Setelah Adifa pergi, Mila yang tersembunyi di bawah terpal segera merogoh saku celananya. Diambilnya ponsel yang sempat Theo berikan padanya tempo hari.
Sore tadi, Mila sudah mengirim pesan pada Theo untuk tetap stand by, meski ia sama sekali tak berharap akan menghubungi sepupunya tersebut.
“Halo, Mil.” Padahal saat itu nyaris jam dua pagi, tapi Theo menjawab panggilannya dengan cepat seolah benar-benar berjaga untuknya.
Mila menelan ludah, mencoba mengatur napasnya yang masih terasa sesak. “Gue nggak ada waktu buat jelasin. Lo pasti tahu gue ada di mana sekarang.” Mila menarik napas sebelum lanjut bicara. “Jemput gue, sekarang. Secepatnya.”
“Oke. Gue berangkat sekarang. Mungkin 30 men--”
“10 menit,” potong Mila. “Gue nggak yakin bisa bertahan lebih lama lagi.”

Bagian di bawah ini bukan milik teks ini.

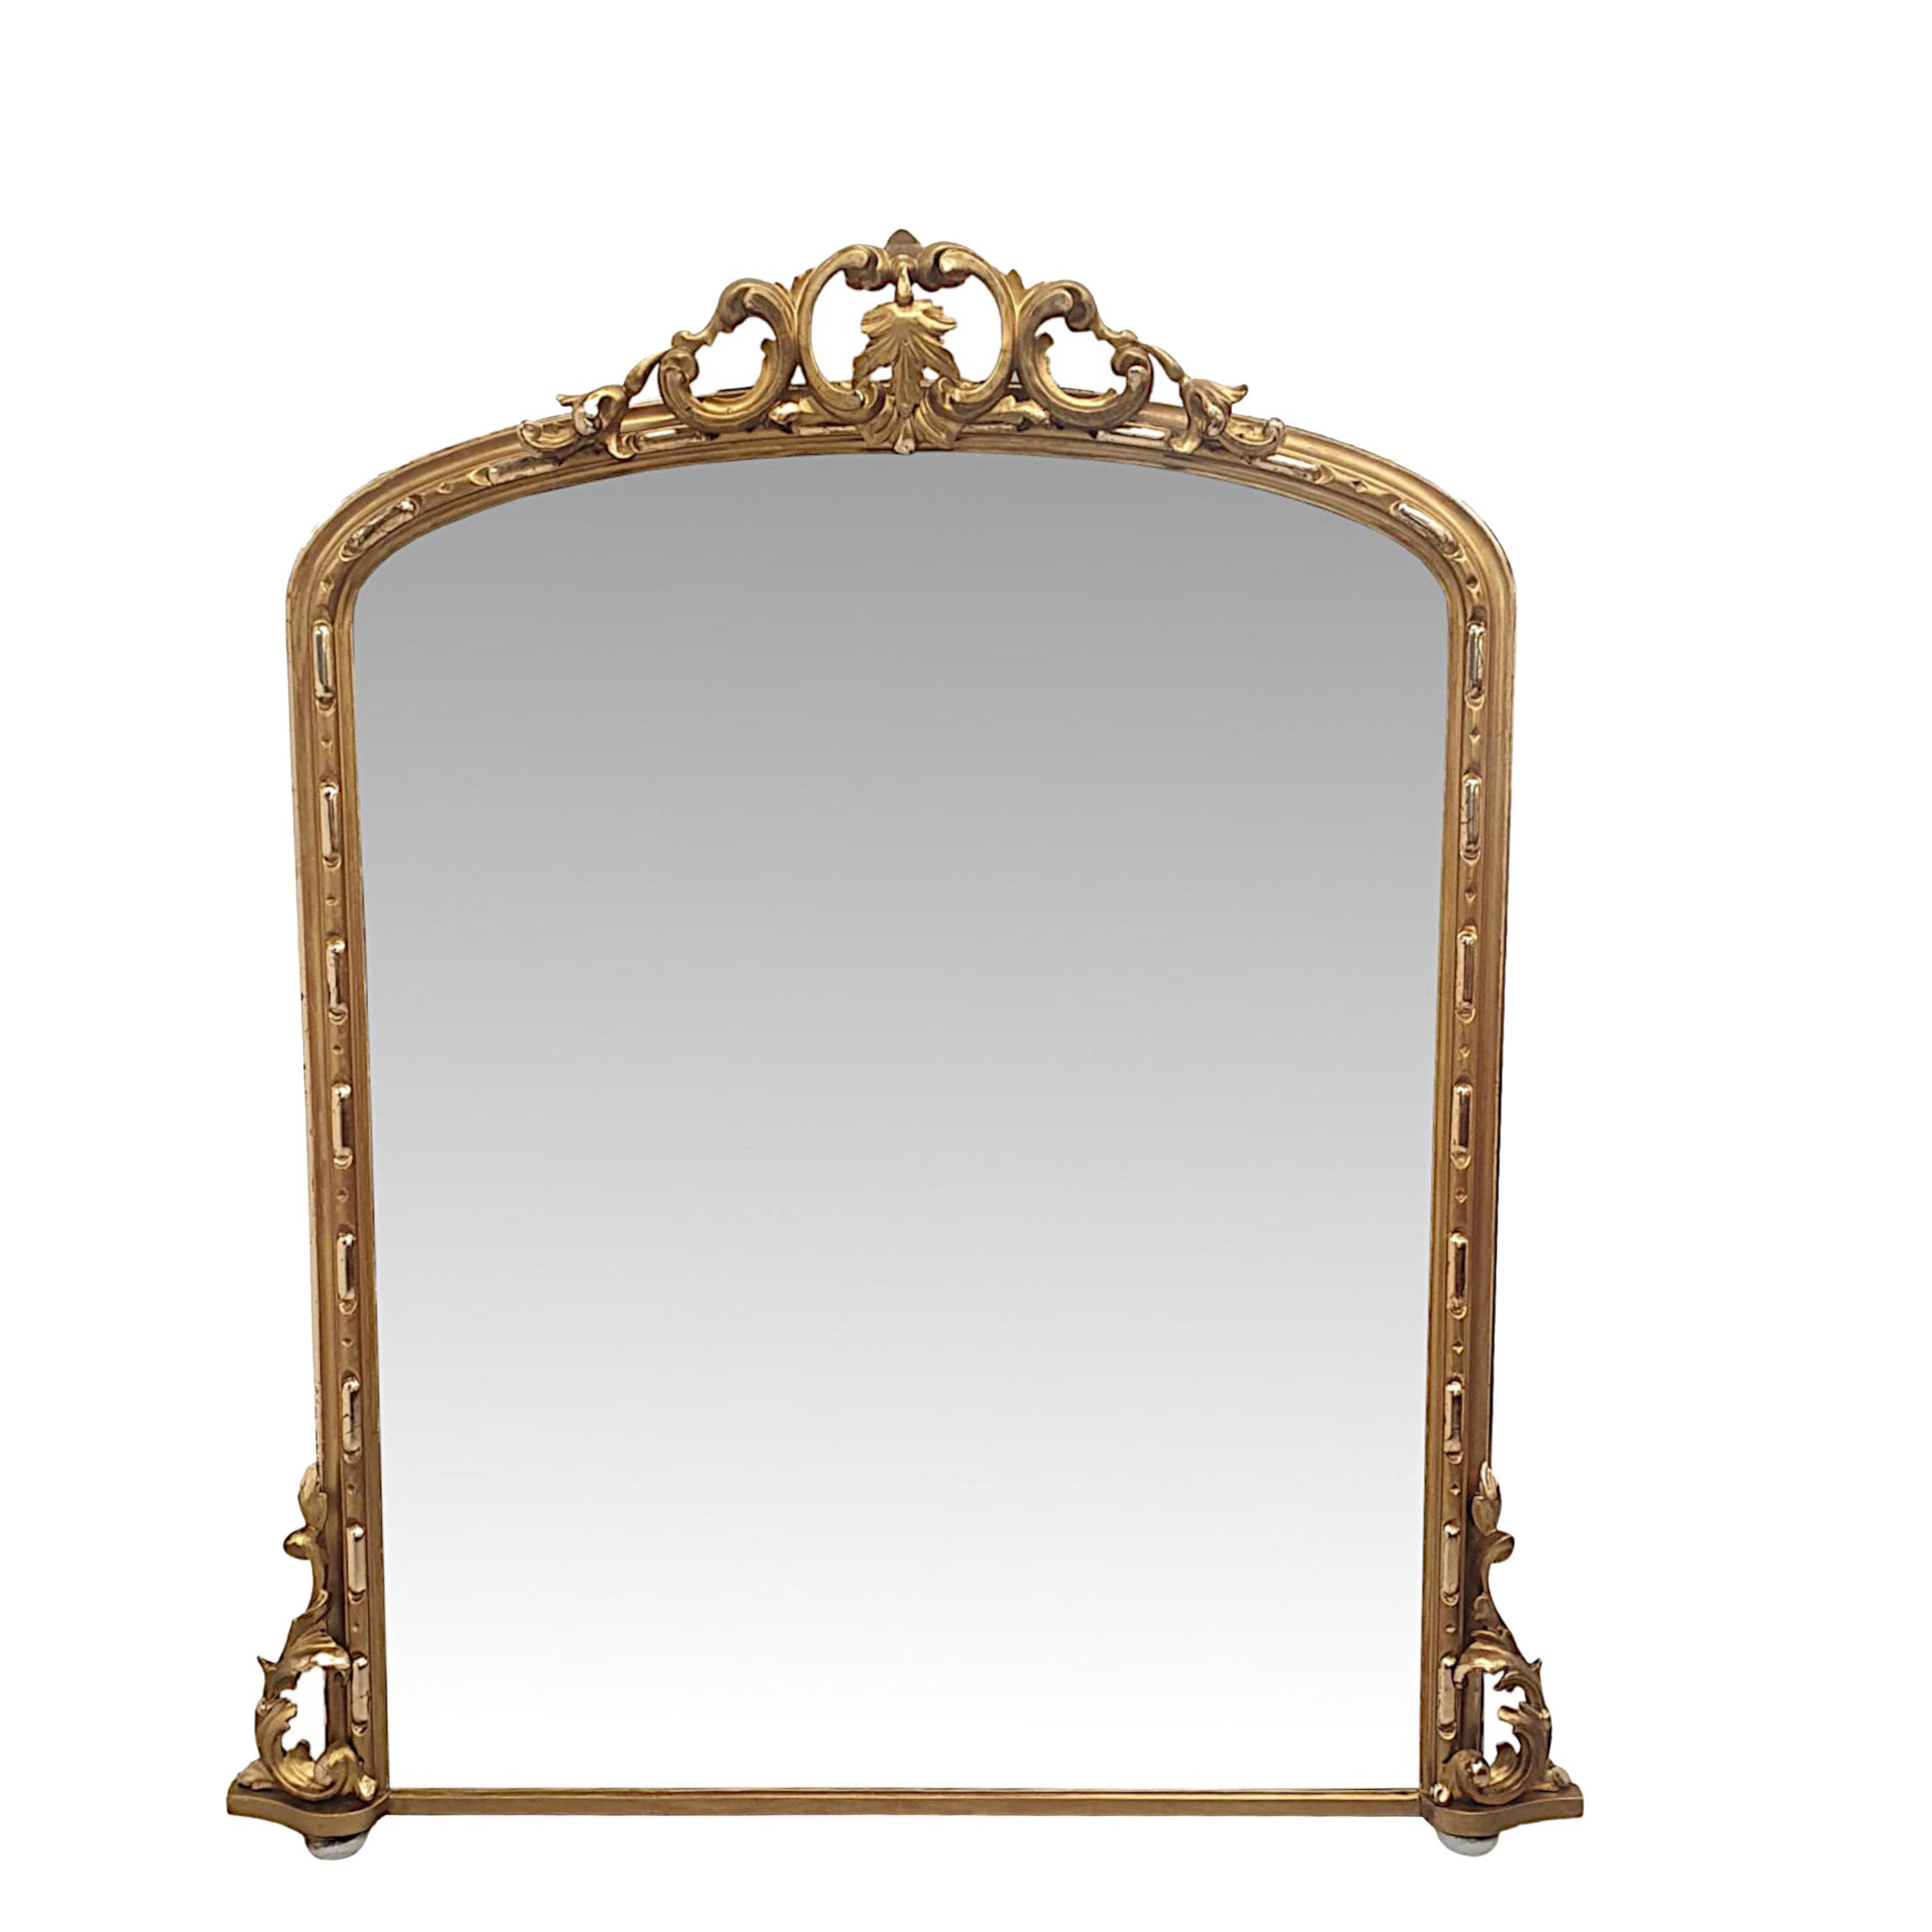 A Fabulous Large 19th Century Giltwood Overmantle Mirror

“Lo gila, ya? Posisi lo tuh butuh 30 menit perjalanan, paling cepet juga 25 menit.”
“Gue sekarat!” geram Mila. Napasnya terengah. “Kalau lo mau Zita tetap hidup, lo harus bawa gue dalam 10 menit, atau lebih cepat dari itu.”
Mila mematikan ponselnya lalu menyandarkan kepalanya pada tumpukan kayu yang ada di belakangnya. Matanya memejam merasakan sakit di sekujur badannya, berharap Theo bisa datang secepatnya.
Di sisi lain, Theo yang mendapatkan telepon Mila jadi kalang kabut. Ia segera masuk ke mobil dan melajukannya secepat yang ia bisa.
Dari suara yang terdengar serak dan sedikit bergetar, Theo tahu jika Mila tak sedang bermain-main. Entah apa yang sudah terjadi, gadis itu sepertinya benar-benar dalam kondisi yang mengkhawatirkan.
Theo memutar otak, mencoba mencari cara bagaimana cara agar dirinya tiba di tempat Mila lebih cepat. Kemudian, ia teringat jika tiga hari lalu Moza sempat mengatakan jika gadis itu dapat ijin menyewa rumah mendiang neneknya yang sudah terjual.
Beruntung Theo ingat jika letak rumah itu dekat dengan posisi Mila saat ini. Karena ia sedang bertaruh dengan waktu untuk keselamatan Mila, ia terpaksa menghubungi Moza, berharap gadis itu dapat membantunya menemukan Mila lebih dulu.
...
Moza baru saja mematikan telepon dari ayahnya saat mendengar suara gaduh yang berasa dari pintu depan. Ia lantas mengintip ke ruang tamu dan menemukan seorang pria tengah terduduk di depan pintunya dengan napas terengah.
“Kamu mal--”
Belum sempat Moza menyelesaikan kalimatnya, lelaki itu dengan cepat beranjak ke arahnya. Beruntung Moza menguasai bela diri, dengan sigap ia menangkap satu tangan yang berusaha membekap mulutnya. Ia lantas memutar lengan lelaki itu ke arah punggung.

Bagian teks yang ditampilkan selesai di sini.